Наконец, нерешенным оставался вопрос, что именно привело Боровиковского в столицу. Ответ, приводимый, по существу, во всех статьях и монографиях, называл желание совершенствоваться в искусстве и профессионально заниматься живописью. И в том, и в другом Петербург предоставлял возможности, не сравнимые с крохотным Миргородом, Полтавой или даже Киевом. Но что конкретно имел в виду Боровиковский? Академия художеств, само собой разумеется, в расчет не входила. Она существовала уже достаточно давно для того, чтобы каждый общавшийся с искусством человек знал условия академического обучения; прием 5—6-летних питомцев раз в три года, длившийся пятнадцать лет курс и строгая замкнутость занятий, недоступных ни для кого из посторонних. Двери величественного здания на набережной Невы открывались для людей со стороны только в дни праздников и экзаменационных выставок.
Оставались занятия у отдельных художников. Подобная практика была в достаточной мере распространена и на Украине, не редкостью были там и громкие дела. Но снова возникавшая альтернатива не имела удобного или хотя бы возможного для Боровиковского решения. Первый вариант — прямого ученичества, с жизнью в доме учителя, с выполнением всевозможных подсобных и в том числе хозяйственных работ, не вязался с возрастом и положением поручика в отставке и дворянина, о приезде которого считал необходимым докладывать столичный полицмейстер. Второй вариант — отдельных уроков у известного мастера — требовал немалых затрат и четкой цели: какого рода живописи собирался учиться художник. С позиций исторической перспективы, кажется, Боровиковскому следовало думать об искусстве портрета. Следовало, но обладал ли он сам уверенностью именно в этом своем призвании? Единственный портрет А. А. Капнист не может служить доказательством. Некогда написанный портрет П. В. Капниста, долгое время хранившийся в принадлежавшей брату поэта Пузыковке Кременчугского уезда, не дошел до наших дней. Портрет младшей из сестер Дьяковых, будущей Д. А. Державиной, известен в ремесленническом повторении, которое хранится в Тамбовском музее и позволяет говорить только о том, что головка Дарьи Алексеевны была приписана к фигуре старшей сестры с овального портрета кисти Боровиковского. Принадлежало ли подобное решение самому художнику или представляло выдумку крепостного живописца, установить нельзя. Наконец — и это самое важное — петербургские знакомые Боровиковского не разделяли ни восторгов, ни надежд в отношении его портретных опытов. Тот же Львов заказывает в 1789 году портреты свой и жены не у Боровиковского, которому, несомненно, оказывает поддержку, но у Д. Г. Левицкого. Гораздо вероятнее в отношении жизненных планов будущего прославленного портретиста представлялась церковная живопись, и тогда его приезд в Петербург оказывался связанным с Львовым.

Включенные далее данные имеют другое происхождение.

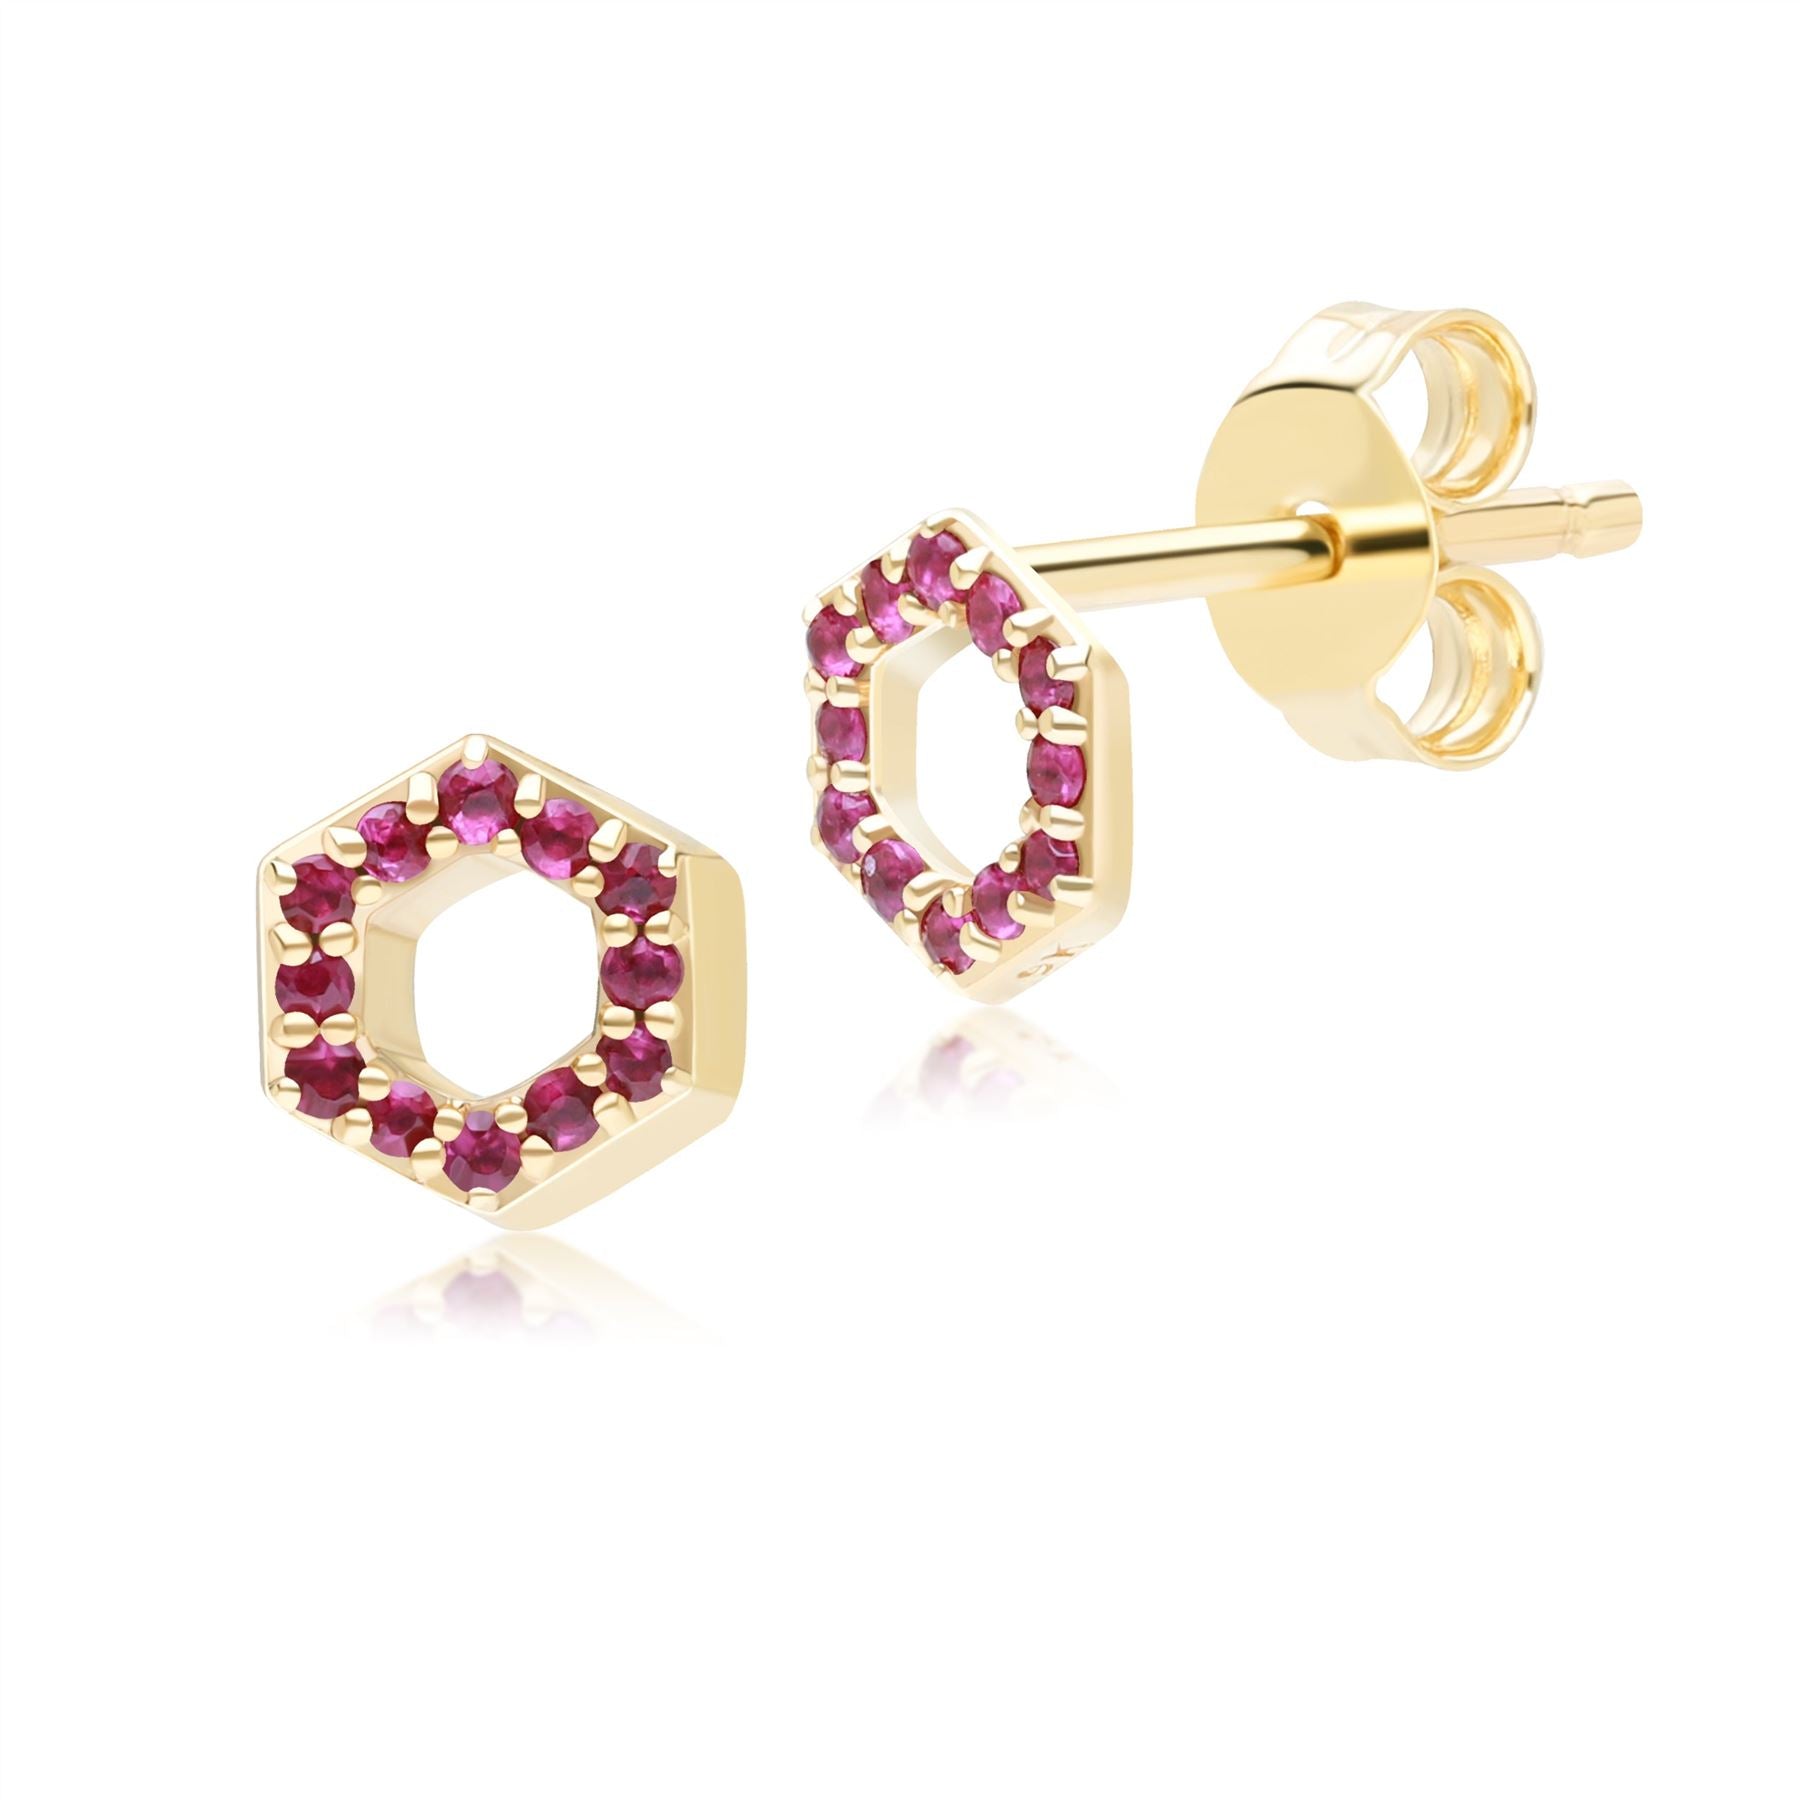 Geometric Hex Ruby Stud Earrings in 9ct Yellow Gold Front

Екатерина утверждает проект собора в Могилеве в 1780 году, но потребуется еще пять лет, прежде чем дело дойдет до его закладки, и еще восемь, чтобы начать работу над образами. На первых порах главным для Львова был выбор помощника-исполнителя с обширными и прочными практическими знаниями. То, что выбор падает на А. А. Менеласа, вполне понятно. Приехавший в 1784 году в Россию, а точнее, именно на Украину, зодчий из Шотландии не пользовался известностью, не был знаком Петербургу в окружении императрицы, не мог претендовать на авторские лавры. О внутренних колебаниях и сомнениях Львова подробно расскажет один из его первых биографов: „Львов пришел в великое замешательство, и естественно! — в академиях он не воспитывался. Должен был противостоять людям опытным, искусным, ремесло свое из строительного искусства составившим… Опыт тяжелый, где и страх, и самолюбие в нем боролись; но делать было нечего, отступить было невозможно, надо было совершить огненный, так сказать, путь, в который он был призван! Работал он в заботе и дни, и ночи, думал, придумывал, изобретал, отвергал то, что его на единый миг утешало, — наконец план готов“. Кстати сказать, из тех же соображений Львов возьмет для реализации своего проекта Почтамта архитектора Я. Шнейдера и каменных дел мастера итальянца Антонио Порто.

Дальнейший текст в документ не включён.